Texas A&M at Qatar’s Huang named highly cited researcherPublished Dec 29, 2019
Dr. Tingwen Huang, a mathematics professor in the Science Program at Texas A&M University at Qatar, has been named a Highly Cited Researcher by Clarivate Analytics and is one of six Texas A&M faculty members named to the list for 2019.
Huang applies mathematics to solve engineering problems, especially those originating in artificial computational intelligence, neural networks and computer science. His research focuses on the dynamics of neural networks, including memristor (memory resistor), complex networks including multi-agent and smart grid, and automation.
A neural network is a framework for many different machine learning systems to work together and process complex data. For example, a simple neural network could learn to identify cats and dogs in photos after learning and deciphering characteristics of them from other photos.
Memristor-based neural networks are advantageous over transistor-based ones because of their non-volatile properties and nanoscale geometry, together with the compatibility with CMOS process technology to increase the packing density of the memory cells and reduce power dissipation.

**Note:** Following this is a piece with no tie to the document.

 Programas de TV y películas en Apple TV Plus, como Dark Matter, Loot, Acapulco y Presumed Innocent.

More memory can be packed in a smaller space, heat can be dissipated better and power can be managed better without the loss of already stored data. Therefore, memristor-based neural networks have been actively investigated as a promising approach to achieve ultra-high computing capacity and performance in artificial intelligence, Huang said.

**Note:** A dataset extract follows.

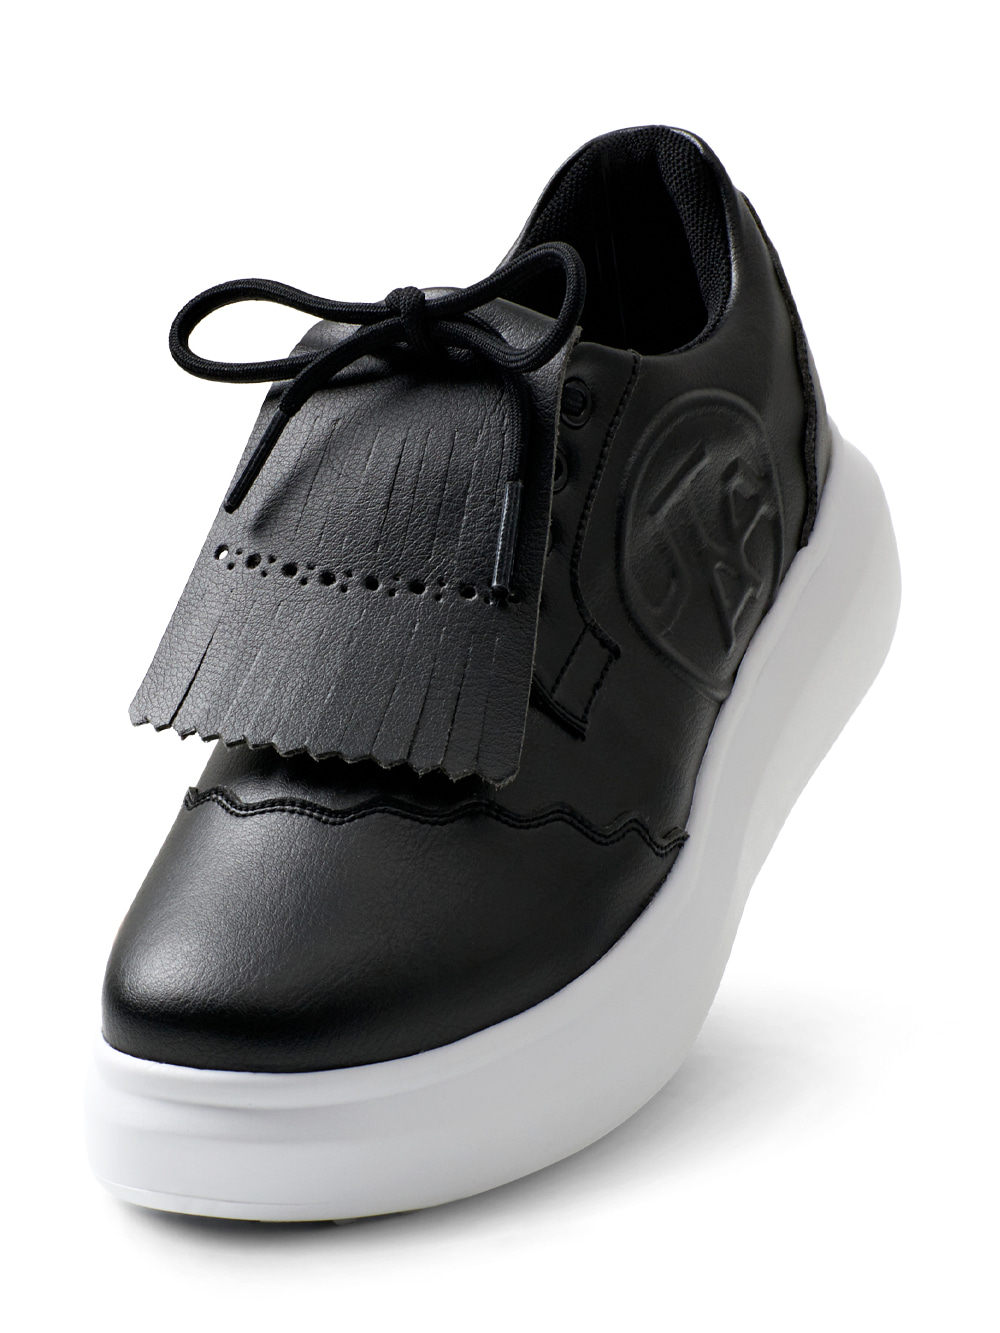 UTAA Derby Kiltie Golf Sneakers : Women&#039;s Black (UC0GHF101BK)

His research group is working toward developing new memristor-based neural networks that can dynamically store multiple information to increase storage density, and aim to resolve several fundamental challenges in the research and development of memristor-based neural networks. Improving storage capacity and density will have significant impact on IT industries in this era of big data computing, which could then have a transformative impact on society, Huang said.
Huang has also developed a framework of the smart grid system management via neural networks-based approaches, which play a significant role in improving the energy efficiency. In fact, Huang said, Qatar needs a smart grid that is intelligent to customers and utility companies, self-healing and resilient to natural disasters, which could accommodate existing infrastructure and deliver reliable supply through deep learning algorithms.
Huang earned a Ph.D. from Texas A&M University in December 2002. Since joining the Texas A&M at Qatar faculty in 2003, he has published more than 400 papers in prestigious journals, including more than 170 in various Institute of Electrical and Electronics Engineers (IEEE) Transactions journals, the flagship journals of IEEE, and more than 40 in Neural Networks, the archival journal of the world’s oldest neural modeling societies: the International Neural Network Society, the European Neural Network Society and the Japanese Neural Network Society. His research work has received more than 14,000 citations. In 2015, Qatar National Research Fund awarded him the Best Research Project. In 2018, he was elected an IEEE Fellow, the highest grade of membership, and a prestigious honor and distinctive career achievement. Most recently, he was presented the Changjiang Scholar award (this honor goes to only 50 overseas scholars each year), the most prestigious honor awarded by Ministry of Education of China.